SUPPLIED INFORMATION
---

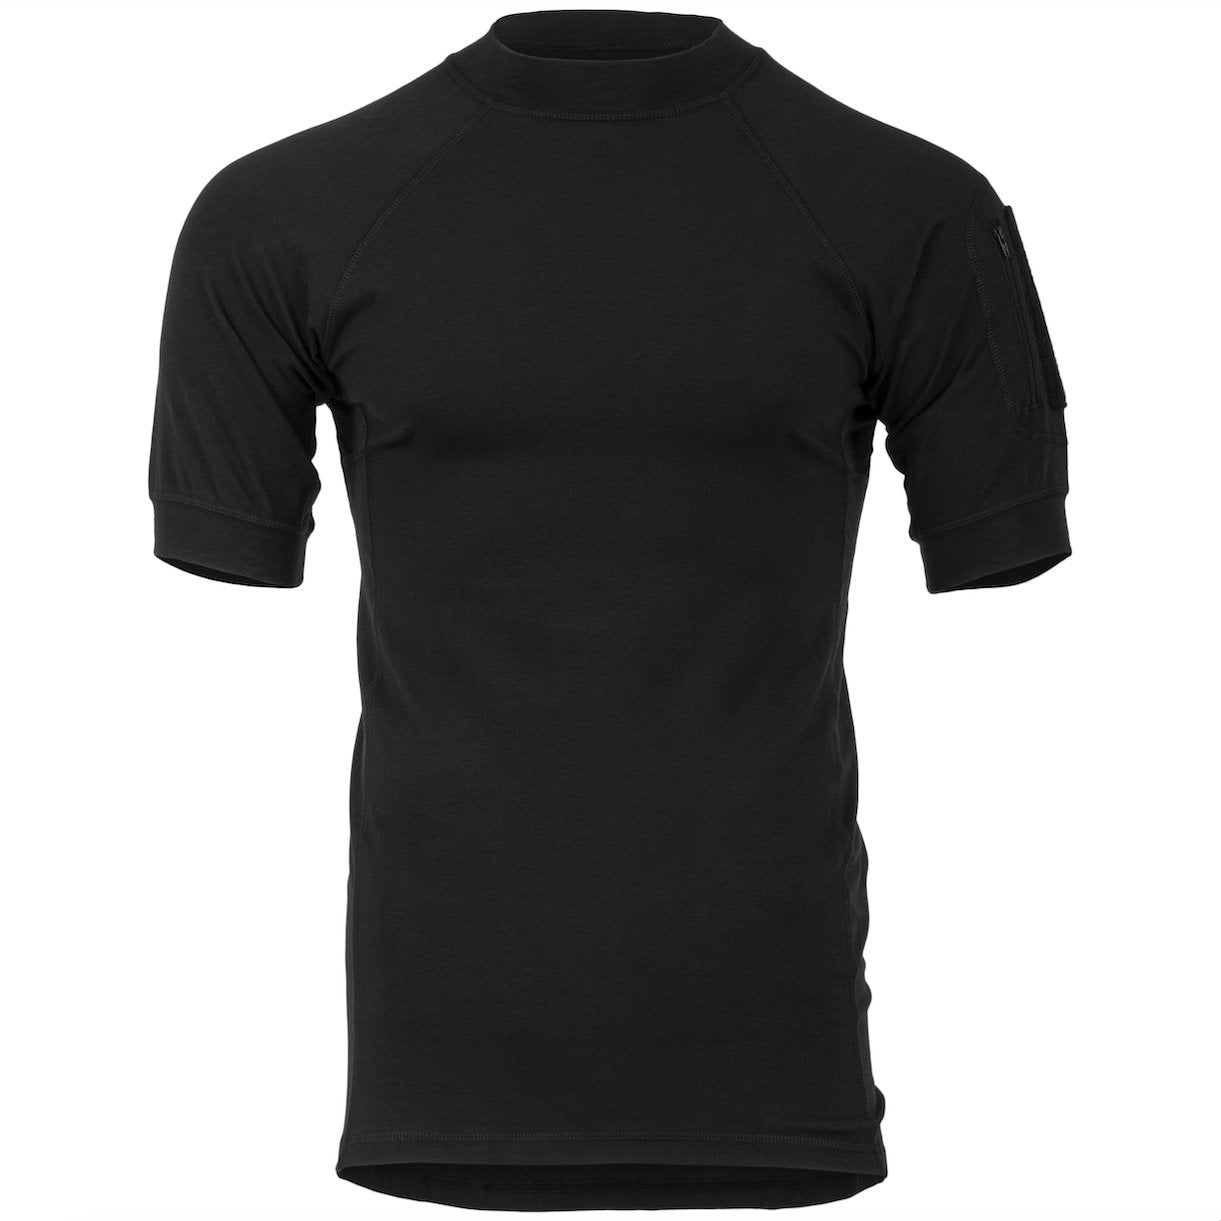 Highlander Combat T-Shirt Men's Black
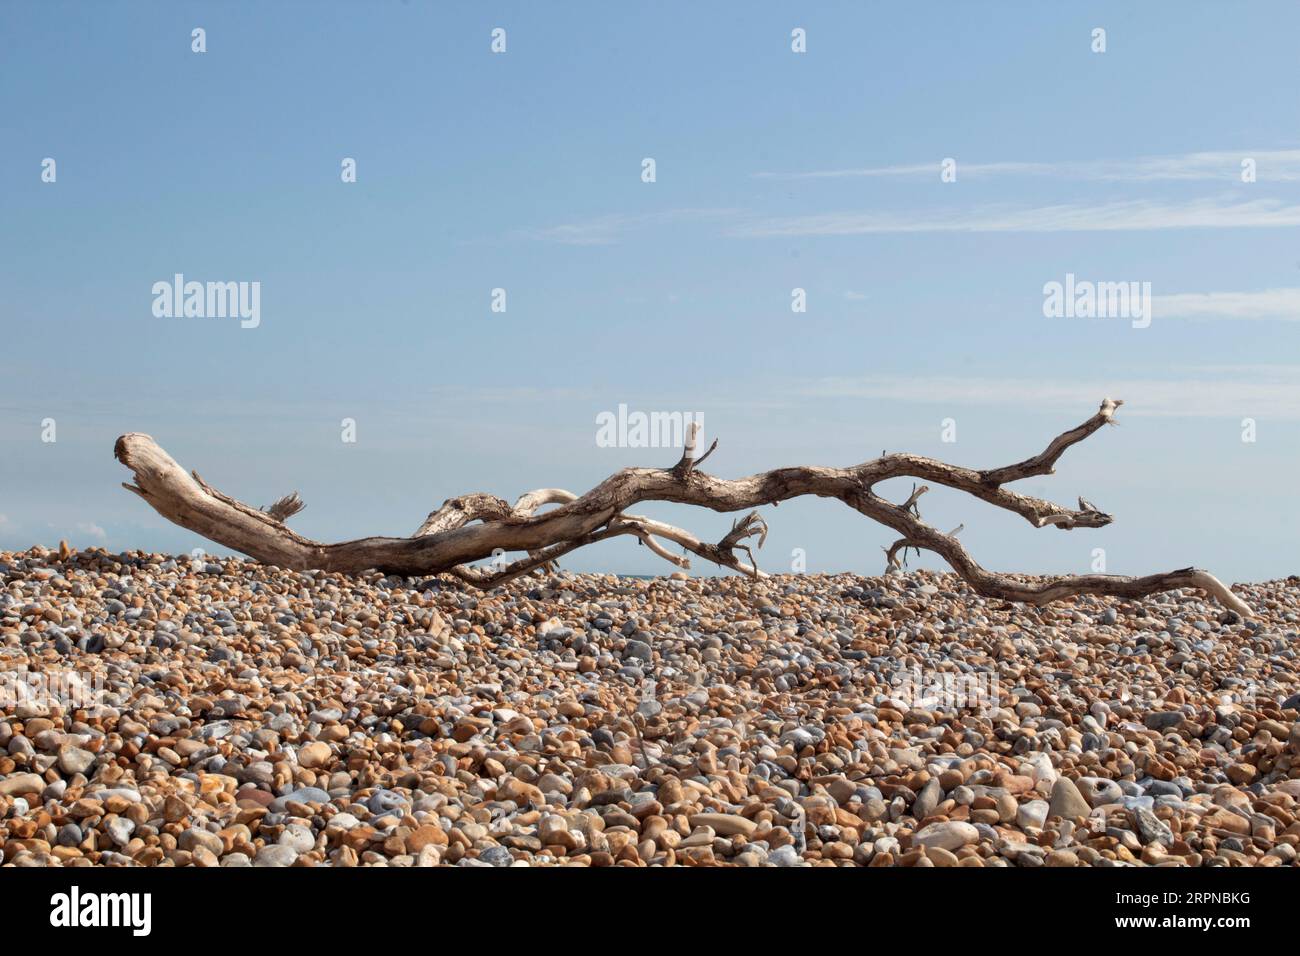 Toter Ast am Kieselstrand an der Küste in Dungeness, Kent. England Großbritannien Stockfoto
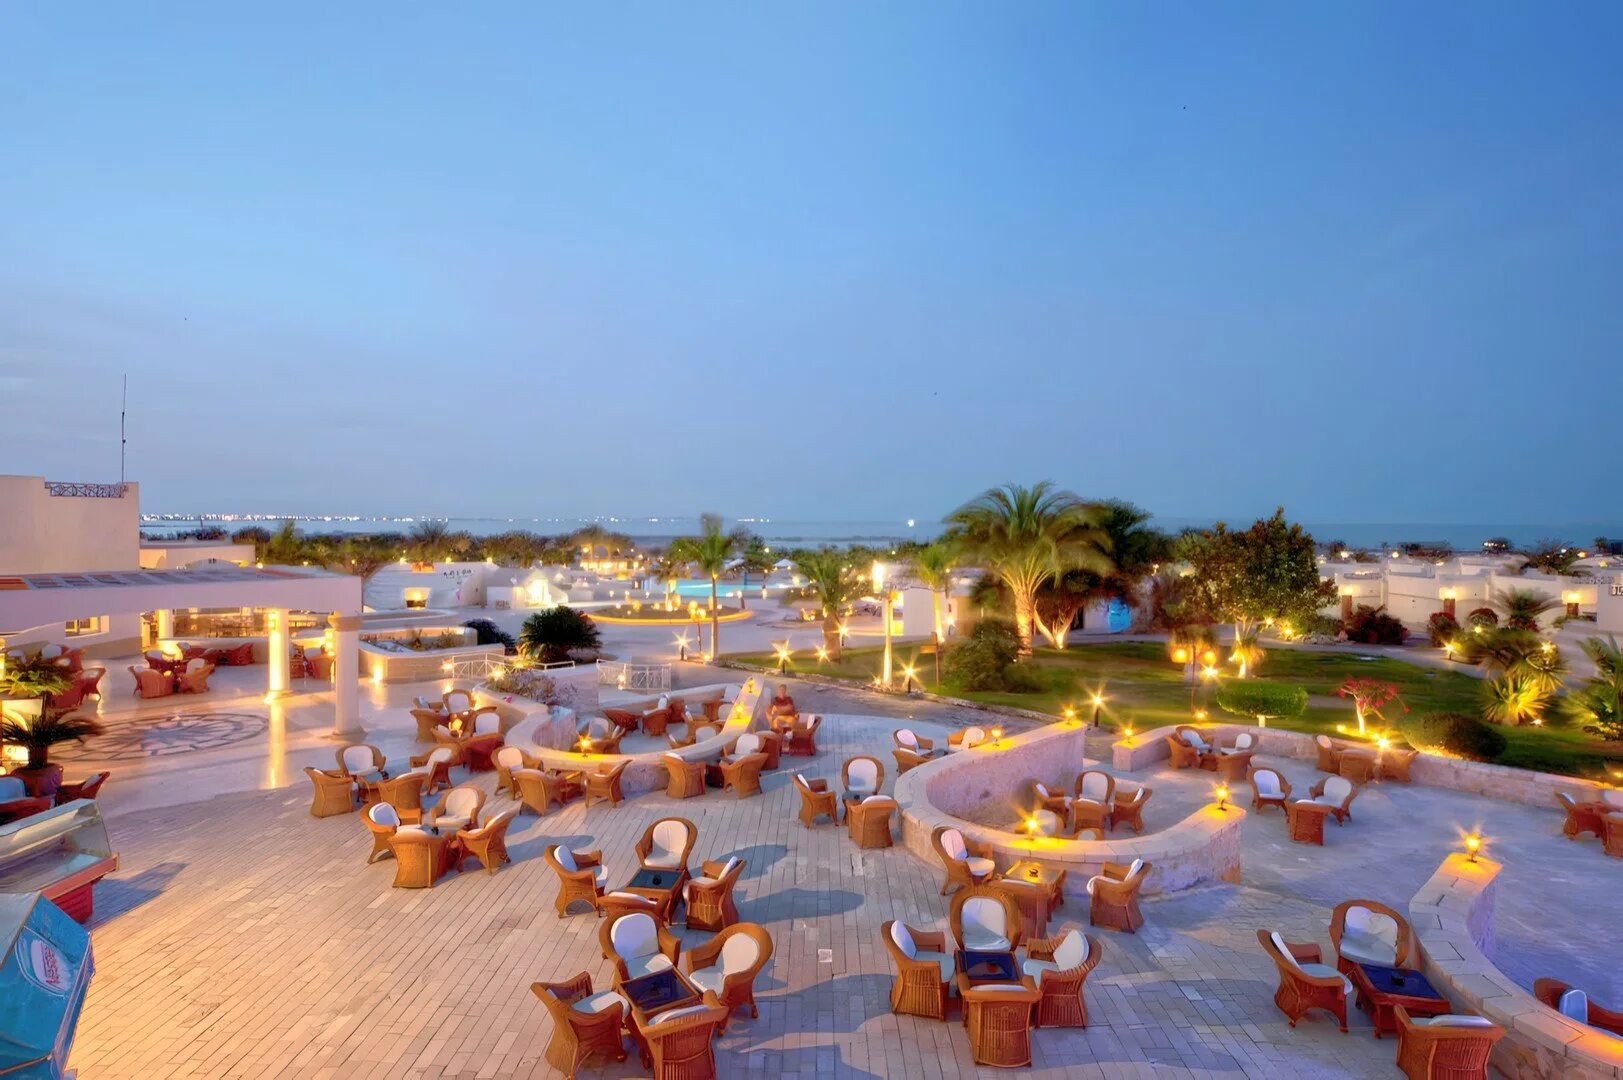 Coral beach resort хургада. Coral Beach Hotel Hurghada Египет Хургада. Корал Бич отель Хургада. Корал Бич Резорт Хургада 4. Египет Хургада отель Корал Бич Резорт 4 звезды.

---

EXERCISE DIRECTIONS
Drop the pictures and reproduce the rest of the data exactly.

EXERCISE OUTPUT
 Highlander Combat T-Shirt Men's Black
 Toter Ast am Kieselstrand an der Küste in Dungeness, Kent. England Großbritannien Stockfoto
 Coral beach resort хургада. Coral Beach Hotel Hurghada Египет Хургада. Корал Бич отель Хургада. Корал Бич Резорт Хургада 4. Египет Хургада отель Корал Бич Резорт 4 звезды.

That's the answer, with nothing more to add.